[[ DATA EXTRACTS, beginning ]]

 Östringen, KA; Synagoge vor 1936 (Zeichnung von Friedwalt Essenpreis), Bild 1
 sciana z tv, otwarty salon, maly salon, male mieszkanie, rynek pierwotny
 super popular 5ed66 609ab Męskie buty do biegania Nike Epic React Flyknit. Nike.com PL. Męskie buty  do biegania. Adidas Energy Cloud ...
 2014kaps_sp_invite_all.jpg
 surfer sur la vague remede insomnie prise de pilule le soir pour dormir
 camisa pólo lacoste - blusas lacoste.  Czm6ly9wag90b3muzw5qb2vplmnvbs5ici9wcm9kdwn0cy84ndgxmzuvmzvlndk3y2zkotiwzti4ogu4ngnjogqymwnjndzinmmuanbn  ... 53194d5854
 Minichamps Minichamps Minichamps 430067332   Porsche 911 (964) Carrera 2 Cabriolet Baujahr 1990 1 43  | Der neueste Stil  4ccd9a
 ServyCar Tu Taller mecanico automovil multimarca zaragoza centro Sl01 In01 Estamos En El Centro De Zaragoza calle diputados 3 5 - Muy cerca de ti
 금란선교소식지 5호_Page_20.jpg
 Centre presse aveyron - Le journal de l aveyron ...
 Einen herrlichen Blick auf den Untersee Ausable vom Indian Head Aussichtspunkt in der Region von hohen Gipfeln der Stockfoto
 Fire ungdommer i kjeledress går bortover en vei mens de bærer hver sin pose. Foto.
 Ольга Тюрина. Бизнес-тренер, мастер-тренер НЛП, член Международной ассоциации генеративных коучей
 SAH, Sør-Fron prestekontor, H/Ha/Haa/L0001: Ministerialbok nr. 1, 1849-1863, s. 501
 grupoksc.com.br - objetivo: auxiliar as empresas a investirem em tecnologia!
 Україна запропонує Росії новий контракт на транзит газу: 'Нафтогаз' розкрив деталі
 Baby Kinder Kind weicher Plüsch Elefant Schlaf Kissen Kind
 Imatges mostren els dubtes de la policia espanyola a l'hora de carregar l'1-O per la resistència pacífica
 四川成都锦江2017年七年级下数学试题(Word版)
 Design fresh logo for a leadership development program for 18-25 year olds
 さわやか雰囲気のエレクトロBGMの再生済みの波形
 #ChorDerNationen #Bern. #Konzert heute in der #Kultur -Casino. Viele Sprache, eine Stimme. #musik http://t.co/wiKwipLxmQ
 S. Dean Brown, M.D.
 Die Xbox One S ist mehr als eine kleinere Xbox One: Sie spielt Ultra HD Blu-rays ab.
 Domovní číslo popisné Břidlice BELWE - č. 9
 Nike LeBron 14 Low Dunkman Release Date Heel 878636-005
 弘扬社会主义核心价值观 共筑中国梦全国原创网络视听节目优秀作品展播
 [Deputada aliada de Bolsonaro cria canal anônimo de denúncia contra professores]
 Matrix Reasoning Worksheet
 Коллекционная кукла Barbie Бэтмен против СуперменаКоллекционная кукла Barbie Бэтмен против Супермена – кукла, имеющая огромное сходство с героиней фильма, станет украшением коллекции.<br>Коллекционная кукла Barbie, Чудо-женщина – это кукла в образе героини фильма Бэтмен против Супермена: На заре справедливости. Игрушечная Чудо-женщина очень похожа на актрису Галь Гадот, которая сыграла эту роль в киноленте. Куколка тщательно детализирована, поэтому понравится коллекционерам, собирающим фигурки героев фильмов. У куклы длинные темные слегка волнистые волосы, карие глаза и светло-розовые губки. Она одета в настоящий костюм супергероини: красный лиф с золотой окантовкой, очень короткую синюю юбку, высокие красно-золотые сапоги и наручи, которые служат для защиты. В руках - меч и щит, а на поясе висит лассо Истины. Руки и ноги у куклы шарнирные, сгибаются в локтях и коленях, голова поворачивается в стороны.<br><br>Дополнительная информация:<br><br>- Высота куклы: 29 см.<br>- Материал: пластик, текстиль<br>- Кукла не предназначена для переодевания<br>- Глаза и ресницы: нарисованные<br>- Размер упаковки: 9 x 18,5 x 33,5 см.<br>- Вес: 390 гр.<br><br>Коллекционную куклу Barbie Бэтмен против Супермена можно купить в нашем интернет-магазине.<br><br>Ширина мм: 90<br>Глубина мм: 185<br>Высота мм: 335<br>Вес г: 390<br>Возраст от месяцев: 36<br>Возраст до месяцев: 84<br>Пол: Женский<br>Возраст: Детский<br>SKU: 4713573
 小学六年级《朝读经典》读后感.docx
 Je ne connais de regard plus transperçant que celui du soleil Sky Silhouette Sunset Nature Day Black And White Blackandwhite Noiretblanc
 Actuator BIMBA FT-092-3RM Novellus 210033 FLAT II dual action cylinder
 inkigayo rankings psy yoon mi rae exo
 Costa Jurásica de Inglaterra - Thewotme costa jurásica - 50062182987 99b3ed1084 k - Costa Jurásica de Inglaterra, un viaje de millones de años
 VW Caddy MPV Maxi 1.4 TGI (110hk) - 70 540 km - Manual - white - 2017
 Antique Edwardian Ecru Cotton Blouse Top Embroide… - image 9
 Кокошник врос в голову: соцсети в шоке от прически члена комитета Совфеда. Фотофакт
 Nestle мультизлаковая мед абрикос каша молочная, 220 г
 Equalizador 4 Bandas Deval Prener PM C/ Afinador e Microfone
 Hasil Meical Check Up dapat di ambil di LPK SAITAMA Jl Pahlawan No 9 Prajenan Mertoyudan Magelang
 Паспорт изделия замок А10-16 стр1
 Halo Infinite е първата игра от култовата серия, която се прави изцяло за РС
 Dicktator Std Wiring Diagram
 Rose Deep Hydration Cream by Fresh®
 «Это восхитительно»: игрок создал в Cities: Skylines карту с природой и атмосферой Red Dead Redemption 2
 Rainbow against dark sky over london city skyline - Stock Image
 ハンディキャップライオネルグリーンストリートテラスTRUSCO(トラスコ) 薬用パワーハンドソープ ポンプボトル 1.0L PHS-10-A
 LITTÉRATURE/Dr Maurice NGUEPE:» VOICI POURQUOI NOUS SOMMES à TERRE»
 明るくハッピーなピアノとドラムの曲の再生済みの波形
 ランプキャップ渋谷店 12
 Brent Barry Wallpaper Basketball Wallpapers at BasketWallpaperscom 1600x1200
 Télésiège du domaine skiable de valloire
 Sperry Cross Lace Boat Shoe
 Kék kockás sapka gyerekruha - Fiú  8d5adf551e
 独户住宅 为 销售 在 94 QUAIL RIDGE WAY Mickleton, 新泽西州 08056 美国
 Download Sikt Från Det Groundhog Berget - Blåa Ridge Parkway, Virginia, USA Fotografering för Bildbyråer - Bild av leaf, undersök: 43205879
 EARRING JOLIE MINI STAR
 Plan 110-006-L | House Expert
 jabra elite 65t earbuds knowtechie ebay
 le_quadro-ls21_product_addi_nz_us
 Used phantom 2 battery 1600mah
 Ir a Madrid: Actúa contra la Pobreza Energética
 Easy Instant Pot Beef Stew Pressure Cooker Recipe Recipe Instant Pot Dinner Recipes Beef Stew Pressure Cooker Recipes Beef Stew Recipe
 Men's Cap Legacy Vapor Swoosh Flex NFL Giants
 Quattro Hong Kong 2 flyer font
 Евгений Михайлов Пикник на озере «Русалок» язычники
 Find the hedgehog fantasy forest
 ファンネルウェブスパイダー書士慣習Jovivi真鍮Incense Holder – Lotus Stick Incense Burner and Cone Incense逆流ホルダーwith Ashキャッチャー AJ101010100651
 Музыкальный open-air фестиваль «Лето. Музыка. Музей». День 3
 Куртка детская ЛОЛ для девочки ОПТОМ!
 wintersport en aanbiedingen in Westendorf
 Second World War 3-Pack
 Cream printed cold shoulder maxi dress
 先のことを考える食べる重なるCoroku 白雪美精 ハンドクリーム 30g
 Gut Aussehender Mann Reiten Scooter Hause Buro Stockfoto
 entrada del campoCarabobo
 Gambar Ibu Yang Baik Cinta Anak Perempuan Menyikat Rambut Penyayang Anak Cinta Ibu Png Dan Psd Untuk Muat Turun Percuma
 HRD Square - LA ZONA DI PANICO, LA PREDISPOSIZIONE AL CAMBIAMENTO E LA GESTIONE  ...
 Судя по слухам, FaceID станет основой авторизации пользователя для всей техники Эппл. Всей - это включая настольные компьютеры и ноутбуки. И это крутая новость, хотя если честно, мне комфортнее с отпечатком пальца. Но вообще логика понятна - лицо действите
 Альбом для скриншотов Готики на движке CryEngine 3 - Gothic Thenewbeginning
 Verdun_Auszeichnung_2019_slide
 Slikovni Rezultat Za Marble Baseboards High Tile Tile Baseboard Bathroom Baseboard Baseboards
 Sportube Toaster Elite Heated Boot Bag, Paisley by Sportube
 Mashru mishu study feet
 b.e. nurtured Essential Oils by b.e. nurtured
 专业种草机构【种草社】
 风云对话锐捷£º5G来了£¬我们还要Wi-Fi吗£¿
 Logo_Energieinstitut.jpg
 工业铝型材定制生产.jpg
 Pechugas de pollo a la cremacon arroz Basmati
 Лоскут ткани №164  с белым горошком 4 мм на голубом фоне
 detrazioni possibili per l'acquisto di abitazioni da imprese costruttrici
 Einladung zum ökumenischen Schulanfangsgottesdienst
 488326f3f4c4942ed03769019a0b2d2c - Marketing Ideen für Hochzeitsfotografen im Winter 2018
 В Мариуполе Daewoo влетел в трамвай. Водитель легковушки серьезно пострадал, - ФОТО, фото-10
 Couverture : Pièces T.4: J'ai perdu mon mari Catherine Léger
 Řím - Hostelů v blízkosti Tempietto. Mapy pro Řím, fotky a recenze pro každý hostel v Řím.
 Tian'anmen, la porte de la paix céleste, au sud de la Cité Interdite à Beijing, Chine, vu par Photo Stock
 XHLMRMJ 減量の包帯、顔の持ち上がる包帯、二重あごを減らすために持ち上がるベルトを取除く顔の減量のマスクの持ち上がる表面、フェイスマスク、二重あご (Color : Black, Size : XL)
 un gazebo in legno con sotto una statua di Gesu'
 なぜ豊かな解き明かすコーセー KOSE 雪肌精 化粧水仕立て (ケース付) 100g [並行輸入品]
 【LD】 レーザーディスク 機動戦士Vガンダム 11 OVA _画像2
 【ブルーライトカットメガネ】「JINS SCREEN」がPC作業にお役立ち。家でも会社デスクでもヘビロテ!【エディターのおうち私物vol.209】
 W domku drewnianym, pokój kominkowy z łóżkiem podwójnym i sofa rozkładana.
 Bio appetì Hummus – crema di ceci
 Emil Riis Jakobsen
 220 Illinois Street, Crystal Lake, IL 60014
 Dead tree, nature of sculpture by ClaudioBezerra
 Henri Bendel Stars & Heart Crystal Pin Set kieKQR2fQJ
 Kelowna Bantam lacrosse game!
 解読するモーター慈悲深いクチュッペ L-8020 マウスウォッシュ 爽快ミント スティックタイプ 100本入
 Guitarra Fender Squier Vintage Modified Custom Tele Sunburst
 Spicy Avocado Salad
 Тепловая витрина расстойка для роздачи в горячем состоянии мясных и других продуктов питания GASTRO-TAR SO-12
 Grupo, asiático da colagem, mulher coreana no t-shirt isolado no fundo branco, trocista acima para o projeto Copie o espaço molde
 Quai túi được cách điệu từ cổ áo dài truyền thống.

[[ DATA EXTRACTS, end ]]

EXERCISE GOAL
Set down again, word for word, the stretch of records from the line with "Dead Redemption 2" to the line with "Kék kockás sapka", both of those lines included.

RESPONSE AREA
 «Это восхитительно»: игрок создал в Cities: Skylines карту с природой и атмосферой Red Dead Redemption 2
 Rainbow against dark sky over london city skyline - Stock Image
 ハンディキャップライオネルグリーンストリートテラスTRUSCO(トラスコ) 薬用パワーハンドソープ ポンプボトル 1.0L PHS-10-A
 LITTÉRATURE/Dr Maurice NGUEPE:» VOICI POURQUOI NOUS SOMMES à TERRE»
 明るくハッピーなピアノとドラムの曲の再生済みの波形
 ランプキャップ渋谷店 12
 Brent Barry Wallpaper Basketball Wallpapers at BasketWallpaperscom 1600x1200
 Télésiège du domaine skiable de valloire
 Sperry Cross Lace Boat Shoe
 Kék kockás sapka gyerekruha - Fiú  8d5adf551e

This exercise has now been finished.